– Это моя отмазка.
– Думала, ты на меня сердишься.
– Вовсе нет.
– Резонное предположение в свете нашего последнего разговора.
– Интересно. Когда я тебя превратно понимаю, я глупый, а когда заблуждаешься ты, это резонное предположение. Почему так?
– Потому что.
– Ясно.
30
Пфефферкорн обменял билет, и десять блаженных дней они провели в чревоугодии, веселье и плотских утехах. Любовь их обрела живительную дикость, они согласно отринули прелюдии и просто наслаждались друг другом. Имя Билла возникало нечасто и произносилось с этакой отвлеченной приязнью, словно речь шла об общем друге или персонаже обоим понравившейся книги. Треугольник развалился в прямую линию, тянувшуюся от сердца Пфефферкорна к сердцу Карлотты.
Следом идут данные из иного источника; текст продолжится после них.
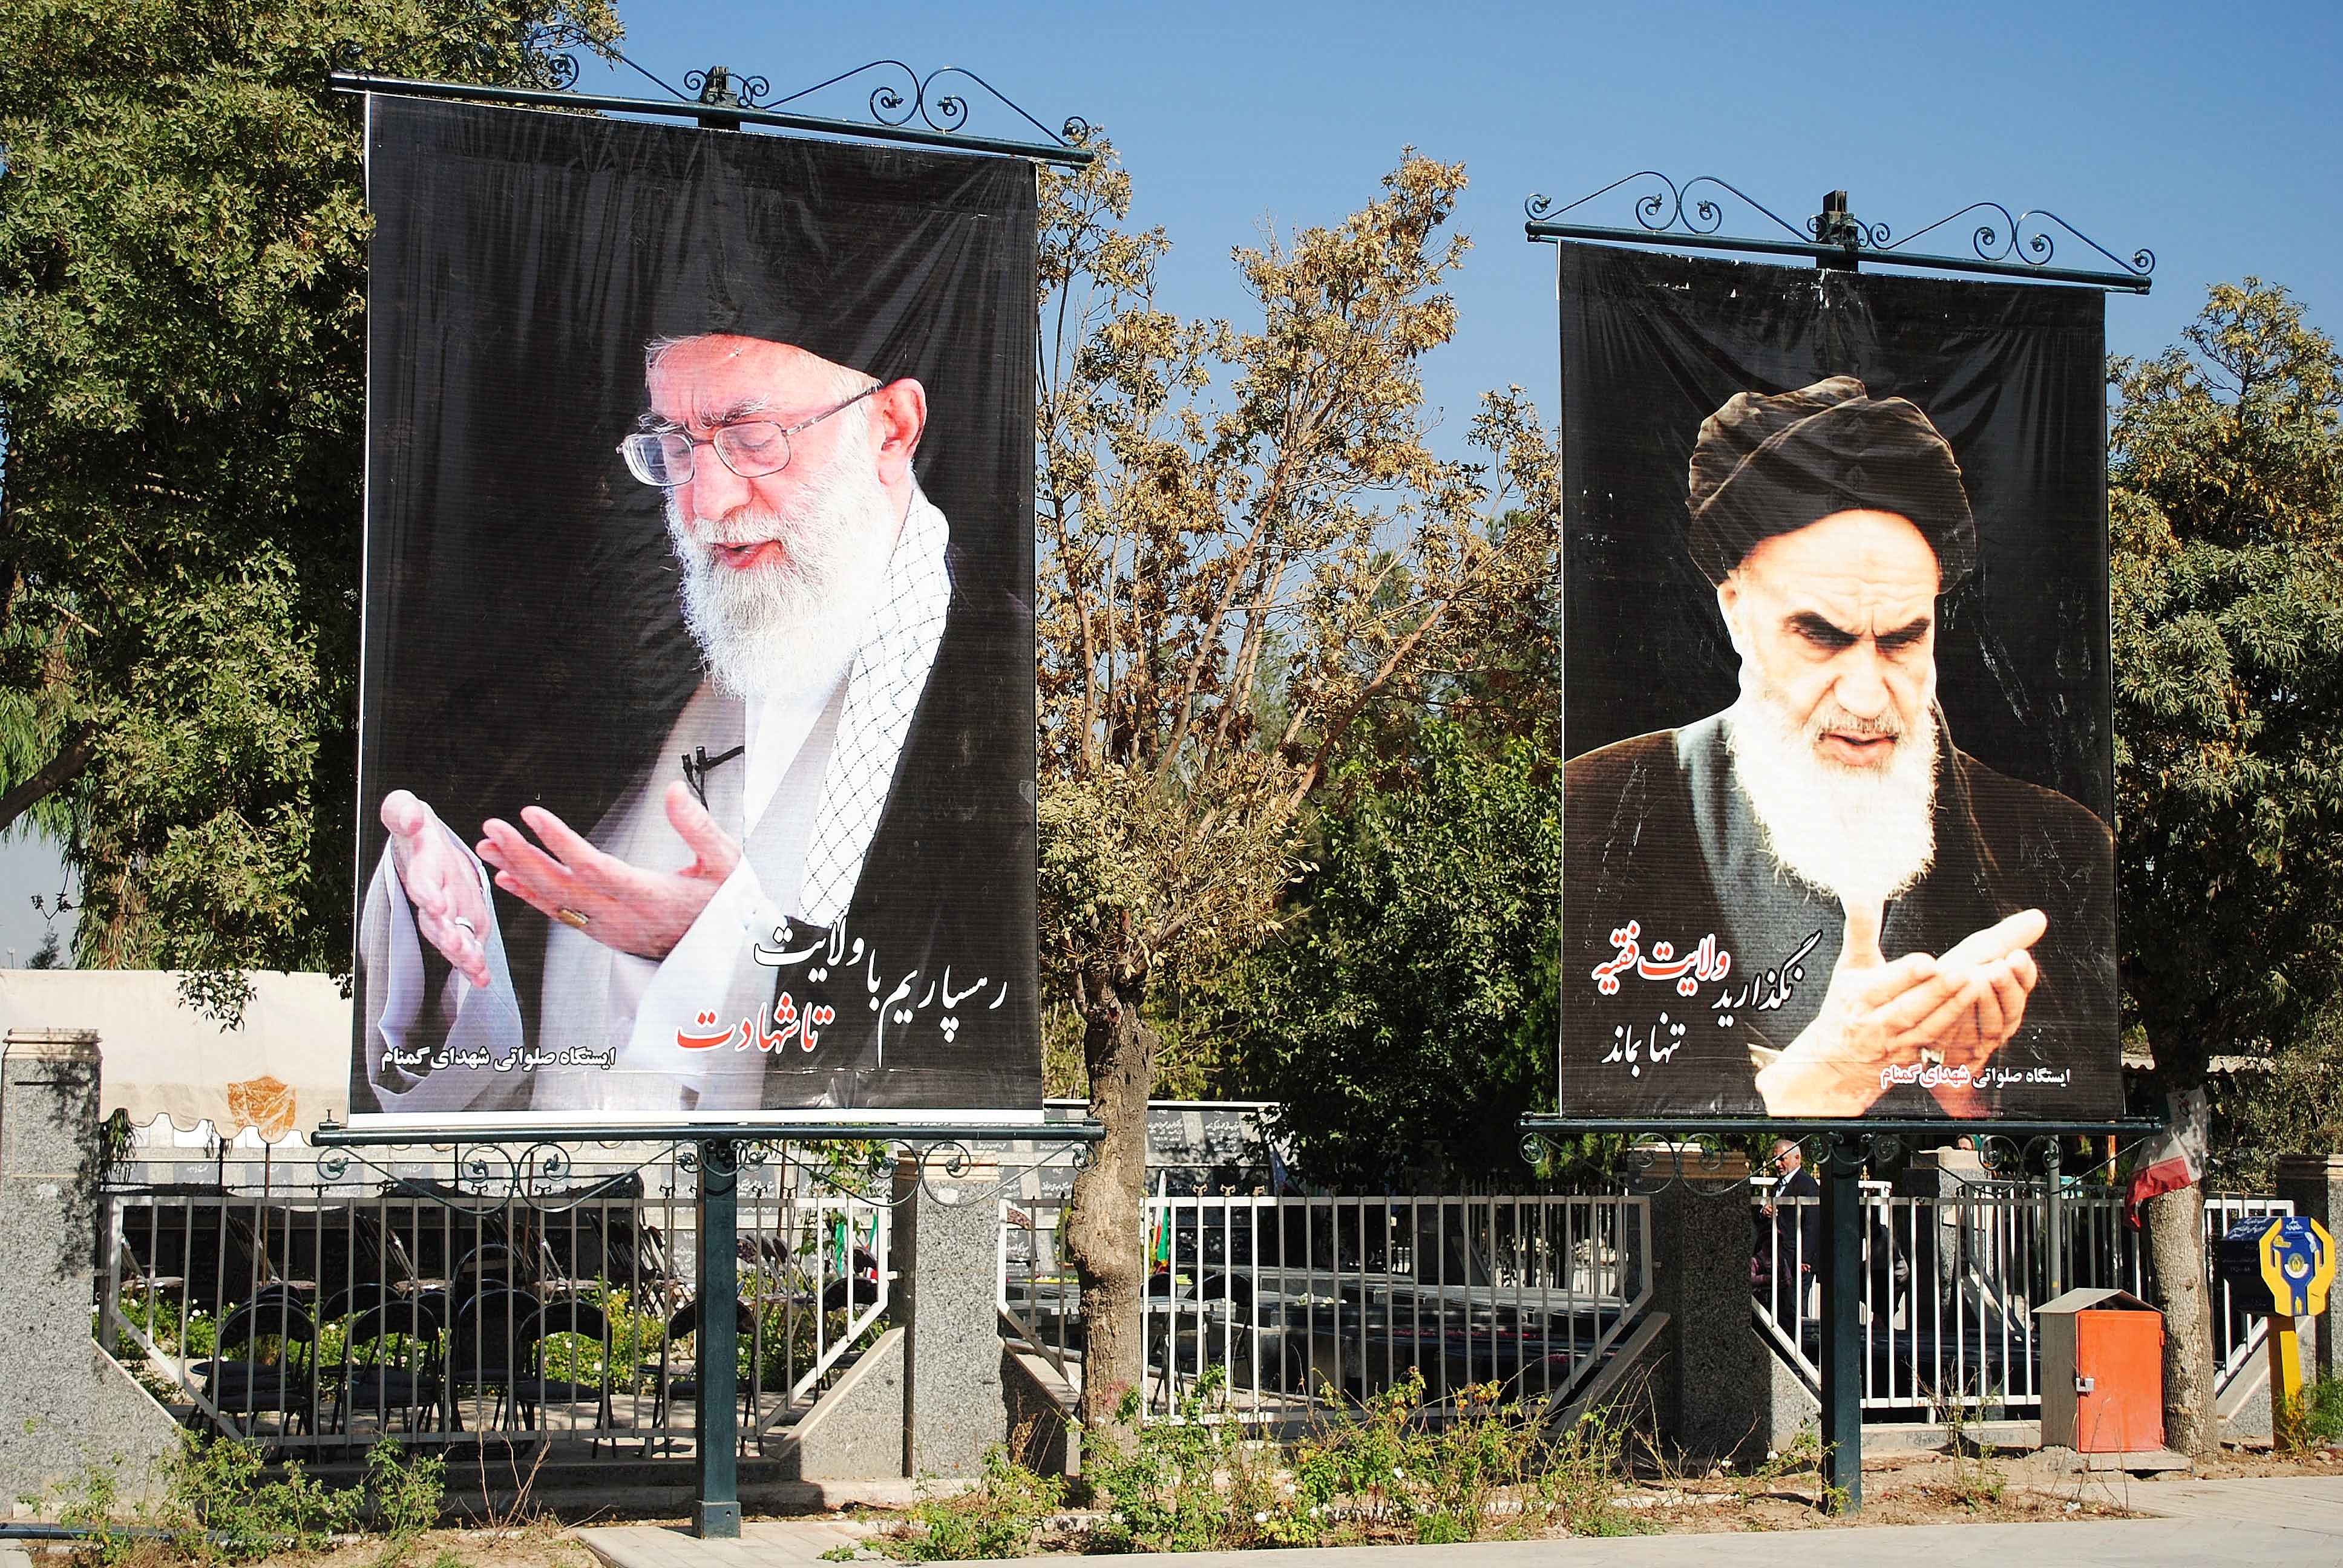 Iranian spiritual leader Ali Khamenei and the former leader Ayatollah Khomeini.

Она сама отвезла его в аэропорт.
– Прошу, давай не будем снова ждать целый год, – сказала Карлотта.
– Вовсе не думал.
– Могу и я приехать.
– Излишние хлопоты.
И впрямь излишние, поскольку теперь раз в месяц-другой он мог позволить себе перелет через всю страну. Вскоре Пфефферкорн стал почетным клиентом авиалинии – компенсация за длительную экономную жизнь – и подружился со стюардессами, которые иногда пропускали его без билета вообще или сажали на свободное место в салоне бизнес-класса. На выходе из аэропорта его всегда ждал припаркованный «бентли» с Джеймсоном за рулем и охлажденной сельтерской на заднем сиденье.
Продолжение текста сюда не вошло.